Friday, August 21, 2015

The Climb is Never too Steep - A Message of Never Giving Up

If I was a quitter, I would have quit a long time ago at a time where I was miserable, making one mistake after another. This included marrying the wrong guy, crying myself to sleep almost every night and just really hating who I was as a person which seems oh so long long ago!

Over the last 25 years though, I have crafted a life of knowing who I am and being very transparent of who I am. Honesty of our life is freely shared and I have nothing truly to hide. I am confident, intense and passionate about the life we live. I love to share everything we experience for the chance it may inspire or help others.

I may change plans and dreams due to circumstance, but I don't quit, I don't give up and I certainly do not allow my family to quit either. We adapt.

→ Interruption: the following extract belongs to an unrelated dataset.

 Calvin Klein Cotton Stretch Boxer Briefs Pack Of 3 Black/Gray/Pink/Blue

In this past year we have moved crossed country, lost my sweet mama as well as several of her brothers and sisters, we became homeless by choice, took a huge cut in income, discovered a brain tumor right before it killed me, and have had to seek help in a variety of ways.

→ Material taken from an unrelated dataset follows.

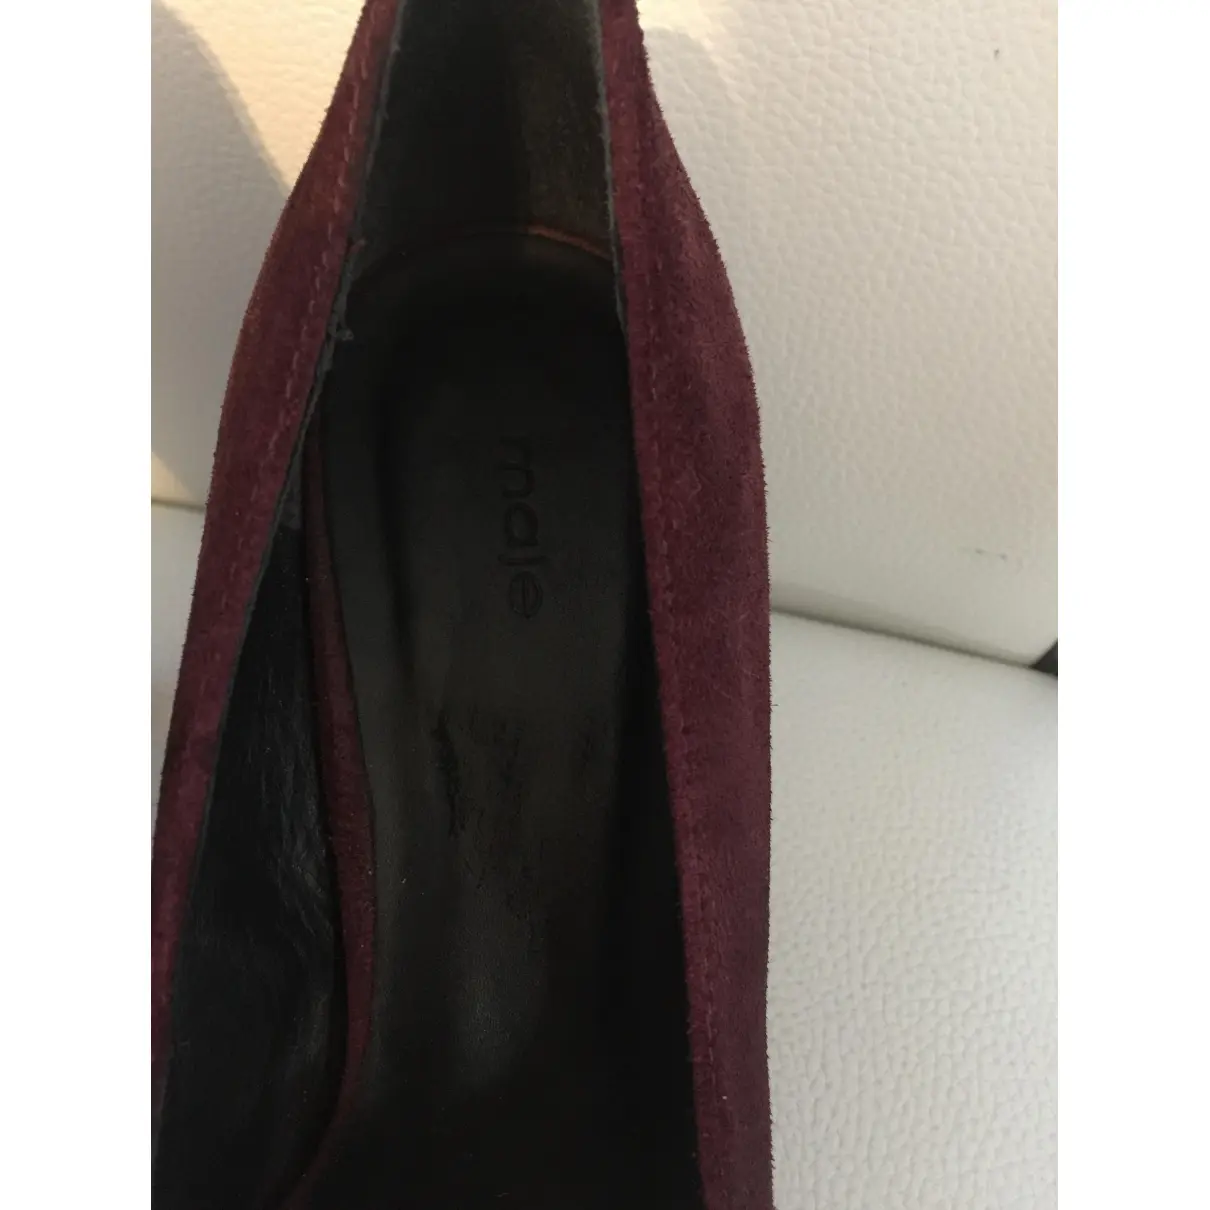 Buy Maje Leather heels online

However, we also have fell head over heels in love with Oregon, met the most amazing people and families, went to Spokane Washington and the wonderful Portland Oregon. We drove up to see Crater Lake when snow was still on the surrounding mountains around the lake. Which is good because now it is smoke filled from a fire in that area with an entrance closed off and one of the roads in closed off as well. We have explored our wonderful new town where we go for everything and they have the coolest shops! We are being sheltered in a small studio for the most incredible, big hearted folk you can imagine while we get treatment for myself and try to pull together our financial resources to find our own place. We have gone to some amazing parks and seeing the Rogue River daily is just amazing.

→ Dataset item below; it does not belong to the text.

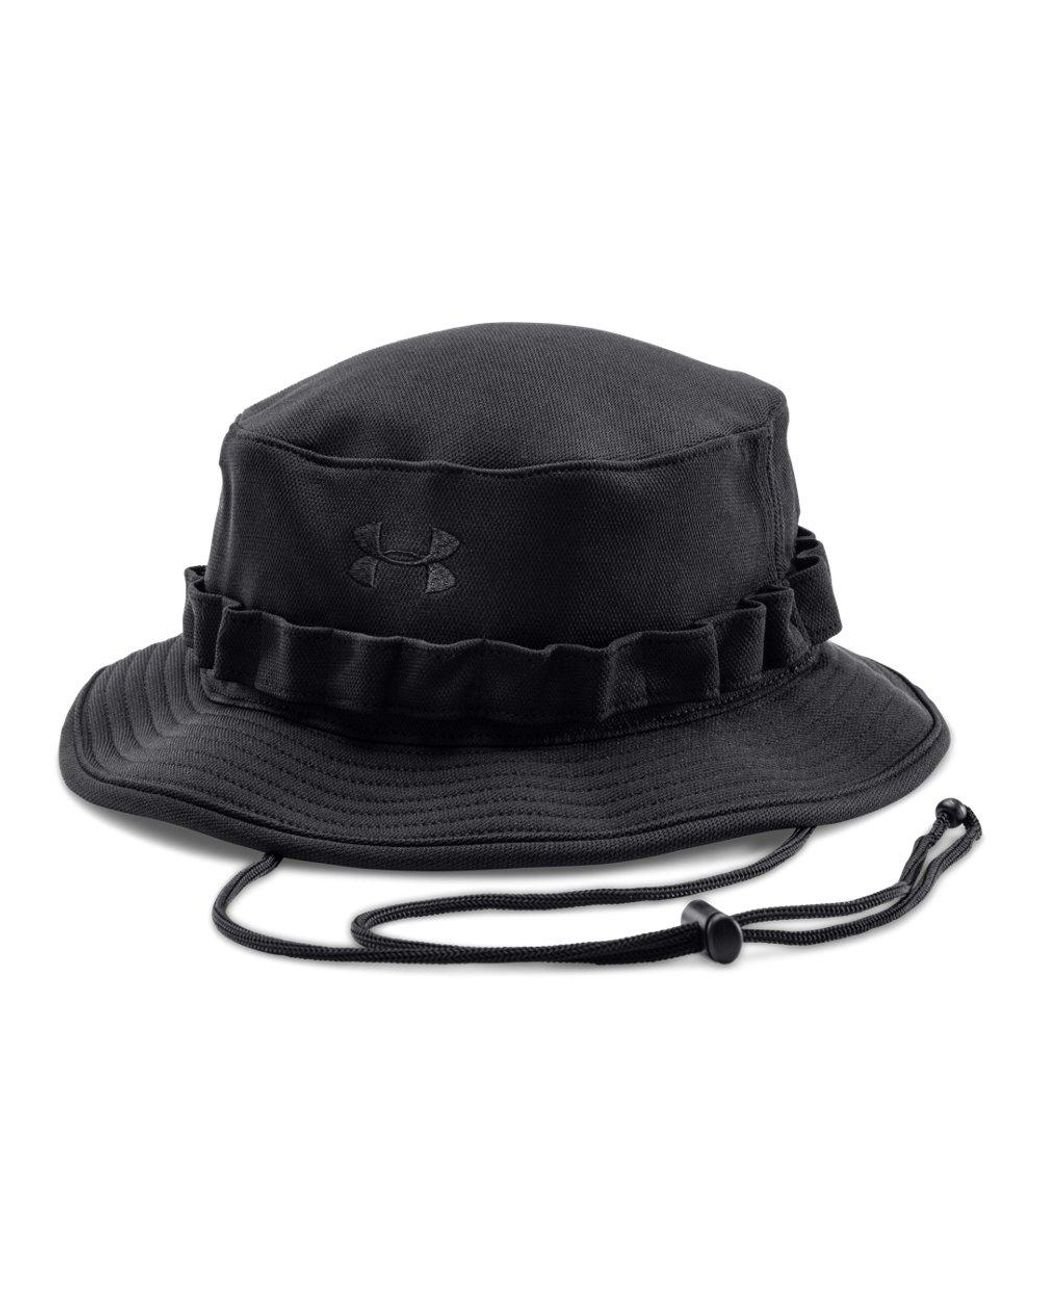 Under Armour Tactical Bucket Hat in Black for Men

I never see our circumstances as a bad thing, just another step in our journey with so many beautiful things to keep fighting for. Or should I say flowing for , because is that really what a journey is? A beautiful flowing dance of good and bad? But what defines bad as bad? Is cancer bad? No, not really it is no different than what someone else would see as bad, just a different obstacle is all. Truly the really only bad thing I would agree with would be something awful happening to a mother and fathers child.

Debt, car loss, home loss, terminal or chronic illness...........I refuse to quit, it is just not worth quitting and is just a small obstacle one must creatively figure out while they continue to seek joy daily.

Learn to dance in the rain or smell spring flowers, laugh...oh  I can not stress laughter enough!

A daily Mantra should be "I can do this, yes I can!"

I simply just don't take giving up as an option, I just have way too much to live for and what I do TODAY is what matters. TODAY I choose to fight for our joy and always be full of gratitude.

Have a marvelously inspired fun filled weekend everyone!